Guest blog by Brando Rohrer. Brandon is an author and deep learning developer. He has worked as Principal Data Scientist at Microsoft, as well as for DuPont Pioneer and Sandia National Laboratories. Brandon earned a Ph.D. in Mechanical Engineering from the Massachusetts Institute of Technology.
Bayesian inference is a way to get sharper predictions from your data. It’s particularly useful when you don’t have as much data as you would like and want to juice every last bit of predictive strength from it.
Although it is sometimes described with reverence, Bayesian inference isn’t magic or mystical. And even though the math under the hood can get dense, the concepts behind it are completely accessible. In brief, Bayesian inference lets you draw stronger conclusions from your data by folding in what you already know about the answer.
Bayesian inference is based on the ideas of Thomas Bayes, a nonconformist Presbyterian minister in London about 300 years ago. He wrote two books, one on theology, and one on probability. His work included his now famous Bayes Theorem in raw form, which has since been applied to the problem of inference, the technical term for educated guessing. The popularity of Bayes' ideas was aided immeasurably by another minister, Richard Price. He saw their significance, refined them and published them. It would be more accurate and historically just to call Bayes' Theorem the Bayes-Price Rule.
Imagine you are at the movies and a fellow moviegoer drops their ticket. You want to get their attention. This is what they look like from behind. You can’t tell their gender, only that they have long hair. Do you call out “Excuse me ma’am!” or “Excuse me sir!” Given what you know about men’s and women’s hairstyles in your area, you might assume that this is a woman. (In this oversimplification, there are only two hair lengths and genders.)

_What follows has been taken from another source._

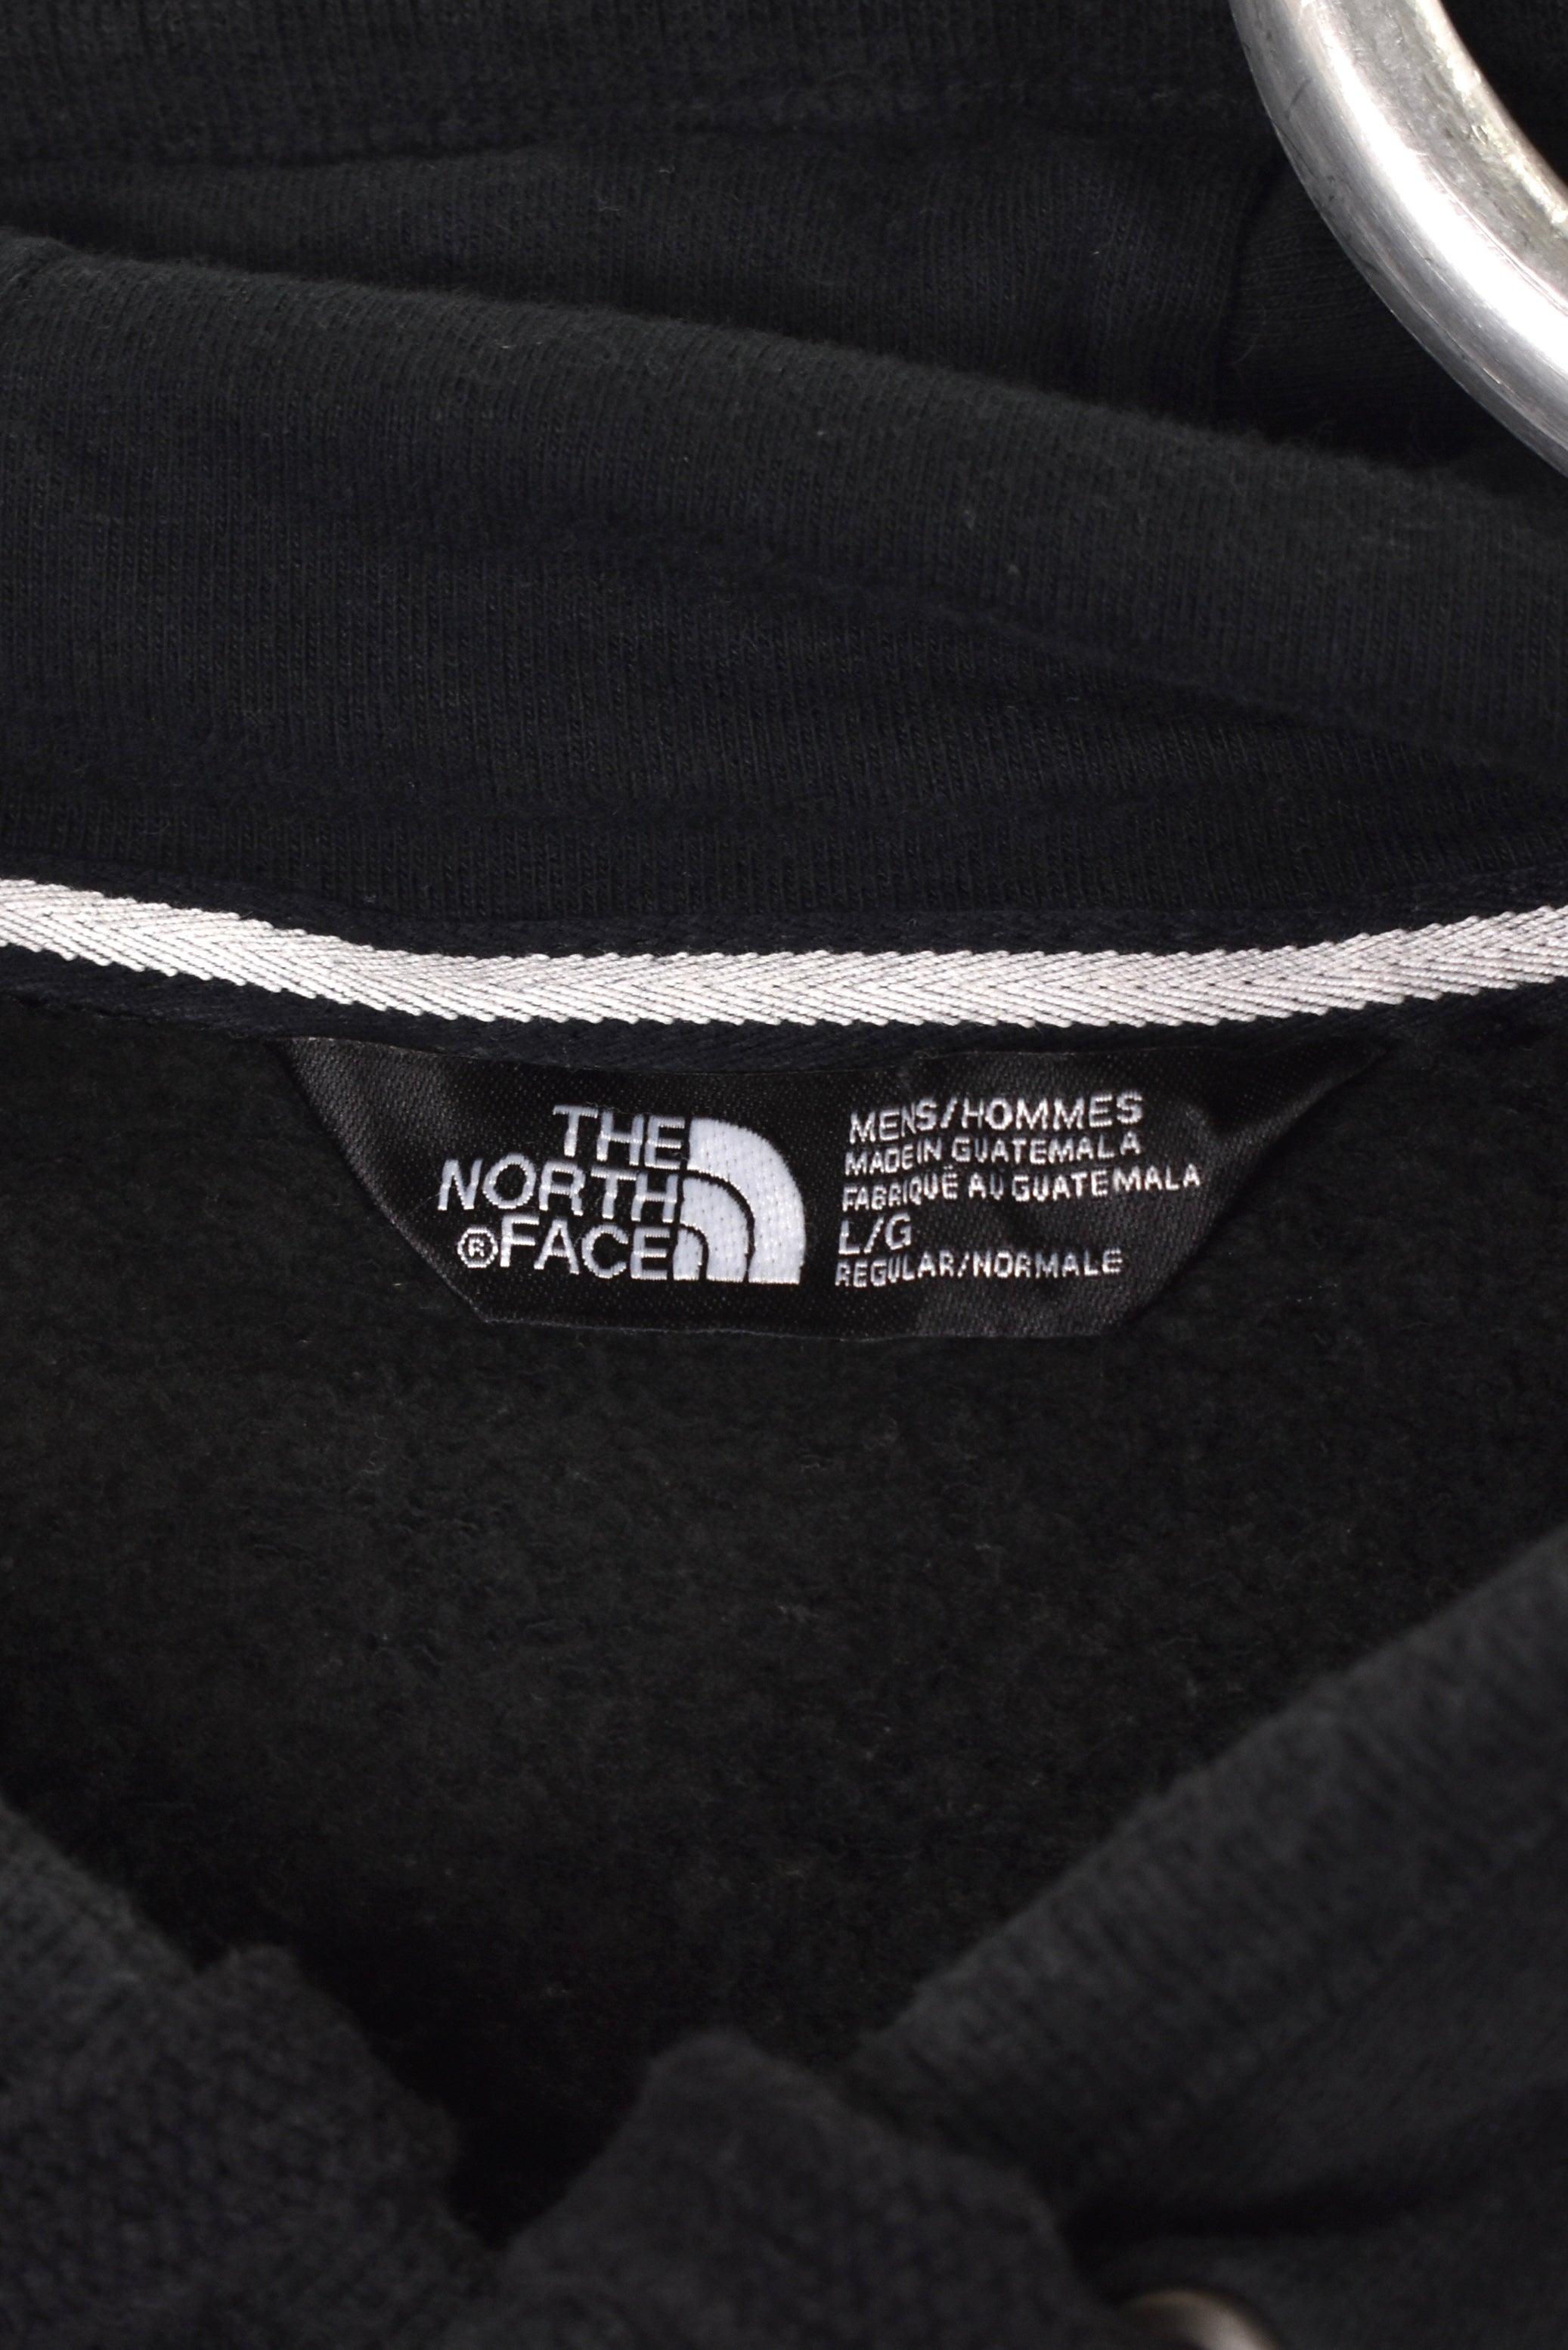 Vintage The North Face hoodie, black embroidered sweatshirt - Large

Now consider a variation of the situation where this person is standing in line for the men’s restroom. With this additional piece of information, you would probably assume that this is a man. This use of common sense and background knowledge is something that we do without thinking. Bayesian inference is a way to capture this in math so that we can make more accurate predictions.
To put numbers to our cinema dilemma, let’s assume that there are about half men and half women at the theater. Out of 100 people, 50 are men, 50 are women. Out of the women, half have long hair (25) and the other 25 have short hair. Out of the men, 48 have short hair and 2 have long hair. Since there are 25 long haired women and 2 long haired men, guessing that the ticket owner is a woman is a safe bet.

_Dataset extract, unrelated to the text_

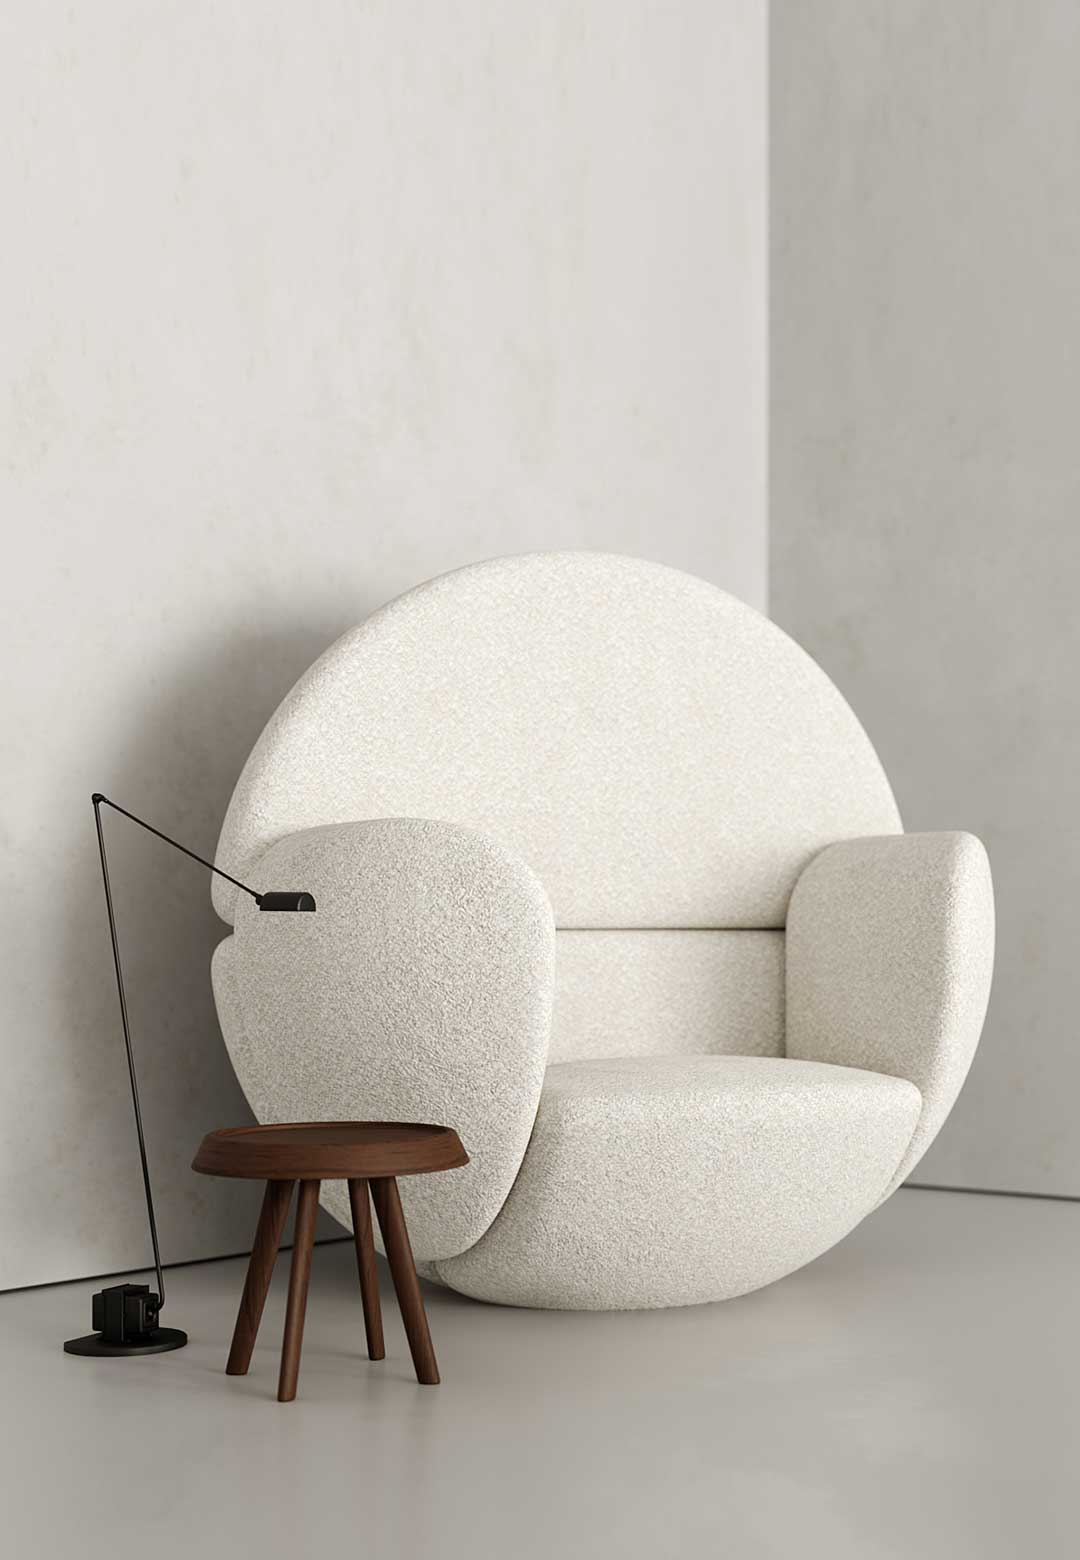 Studioforma’s Clodette lounge chair evokes childhood nostalgia

Out of 100 people in the men’s restroom line, however, there are 98 men and two women keeping their partners company. Half the women still have long hair and half have short hair, but here there are just one of each. The proportions of men with long and short hair are the same too, but since there are 98 of them, there are now 94 with short hair and 4 with long. Since there is 1 woman with long hair and four men, now the safe bet is that the ticket owner is a man. This is a concrete example of the principle underlying Bayesian inference. Knowing a key piece of information beforehand - that the ticket owner is in the men’s restroom line - allows us to make a better prediction about them.
To clearly talk about Bayesian inference, it is worth our time to really clearly define our ideas. Unfortunately, this requires using math. We’ll avoid going deeper than we have to, but stick with me for a few more paragraphs and it will pay off. To lay our foundation, we need to quickly mention four concepts: probabilities, conditional probabilities, joint probabilities and marginal probabilities.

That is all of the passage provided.